Eico HF-87 Update

The old beast gets another life...


The oldest piece of audio gear I've got (in fact it's been around longer that almost everything else in my life, including my wife) is an old Eico HF-87.  It's been used and abused for decades.  Some ancient history on the amp is here.  It's been repaired and updated multiple times without any regard to collectibility.  In the 70's it was just another piece of old tube audio junk.  The time has come for a serious refurb.  HF-87's have got really good transformers and I've always liked the sound of EL-34s.  I'll update this page as the project moves forward which will depend on how much time I can find to work on it.

Here's what we're starting with:

Front of Amp Chassis
It's a bit of a mess and needs some serious cleanup.  The circuit board on top of the chassis is a FET driver board that we tacked on to test.  It will stay for the next iteration of this amp.  The current plan is to repackage the amp into something that be aesthetically compatible with other gear in a living room, refresh the fifty year old electrolytics in the power supply, integrate the FET driver board, and do it in a way that will allow the amp to be restored to the original HF-87 circuitry at some point in the future.  The amp will never have serious collectible value due to the mechanical hacks that have been done over time.

Project Goals
Make it reliable
Make it quiet
Improve the Wife Acceptance Factor (it's too ugly for the living room right now)
MAKE IT SOUND GREAT

Power Supplies
The B+ supply will remain as-is, with the old caps getting replaced.  The first stage caps, updated in 1978, are still working pretty well, and the P-P ripple is under three volts.  There's a 1H choke hiding behind the driver board, and that takes the ripple down to millivolts.  The bias supply caps will get replaced whether they need it or not.  (The power supply schematics are on the history page.)  And finally, I've been contemplating changing the filaments to DC to see if that helps quiet things down a bit.

FET Driver Board
This is an experiment.  A friend of mine builds amps using these FET input/driver boards and he swears by them.  We decided to drop one in the Eico to see how it would work, and so far I'm pretty impressed.  We didn't spend much time on the install though, and I think the "distributed grounding" that has occurred over time has created problems with hum and noise.  This will be cleaned up.

The Output Stage
Pretty much stays the same.

So as of 1/1/2010 that's the state of the project.  More updates after I get some parts in and get going.
Jim

Feb 2010 Update

The amps are as far as they're going to go for a while since I've been distracted by a set of Quicksilver monoblocks:

Quicksilvers
Damned nice sounding amps, and they've got enough power to drive the old KEF's to reasonable volumes.

So the HF-87...

First, the power supply and grounds got cleaned up.  560 uF caps for the voltage doubler, and a 2 x 200 uF filter after the 1H choke.  Ripple is nearly unmeasureable with my scope - under a millivolt P-P and masked by noise.  Previously, the cap after the choke was an original electrolytic, and had lost of bit of it's capacity over fifty years.  (Who woulda figured?)  I was poking around with my scope while playing a CD on the bench and noticed a lot of audio - several volts worth - on this cap.  The choke passed the DC, blocked the AC, and with the lousy cap the supply was <really> soft.  Might account for the mushy bottom end...

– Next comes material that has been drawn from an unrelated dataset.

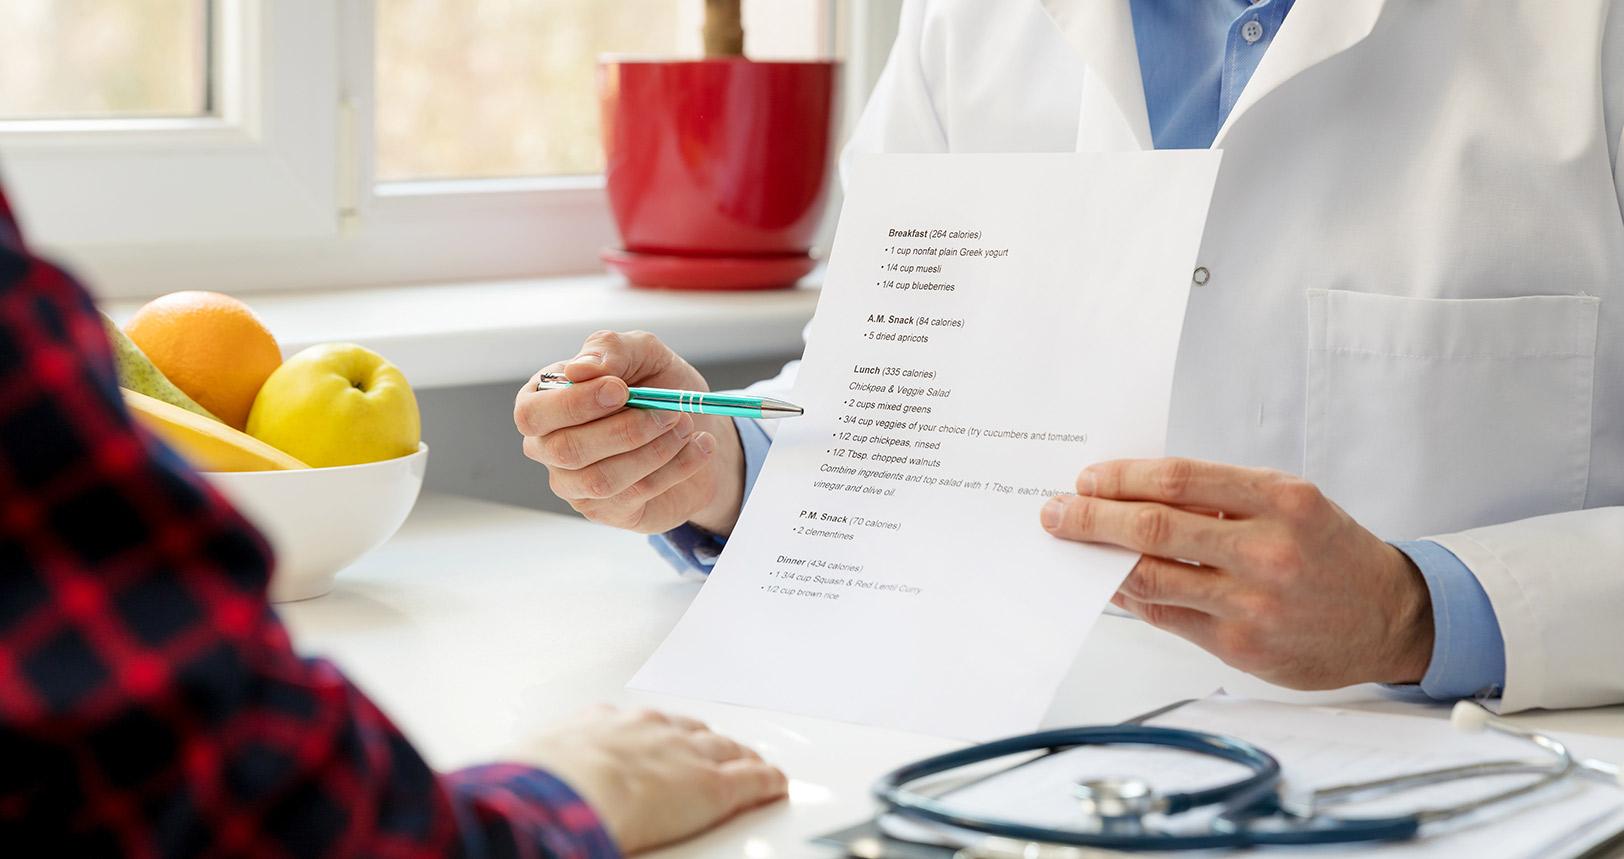 diagnosi e cure delle patologie della nutrizione dietologo nutrizionista bambini e adulti perugia citta della pieve

I also replaced the "distributed ground scheme" with a 12 ga copper bus wire originating at the power suppy and setup a central star ground.  Turns out that the power supply ground on the lug of the transformer was actually loose.  Now everything that is supposed to be grounded is really grounded.  And the hum is nearly gone.

Chassis Grounding

So here's the end result:

Eico Amp Front

Which isn't nearly as pretty as I planned, but that's the job of the Quicksilvers now.  The important stuff:  How does it sound?  Really pretty good.  The hum is down to "normal" tube levels, which is to say it's not noticable once you back off the speakers and sit down to listen.  It's under the level of the turntable at listening levels, so I decided not to chase the DC filament idea, The sound changed significantly.  It's harder, faster, more analytical, and more accurate.  The bottom end is solid and tight.  Good detail.  Solid imaging.  On the downside, it's revealing and accurate enough to make some source material sound bad.  That tube softness is pretty well gone, and it's closer to a good solid state amp than I might like.

So now it's sitting down the basement parked on a Tabor speaker, looking lonely.  When I need the amp again, I just might put it back to the original topology with the 6SN7 phase splitters and premium caps and resistors.  And fix the Wife Acceptance Factor.  Now it's on to the ADC B100 preamps.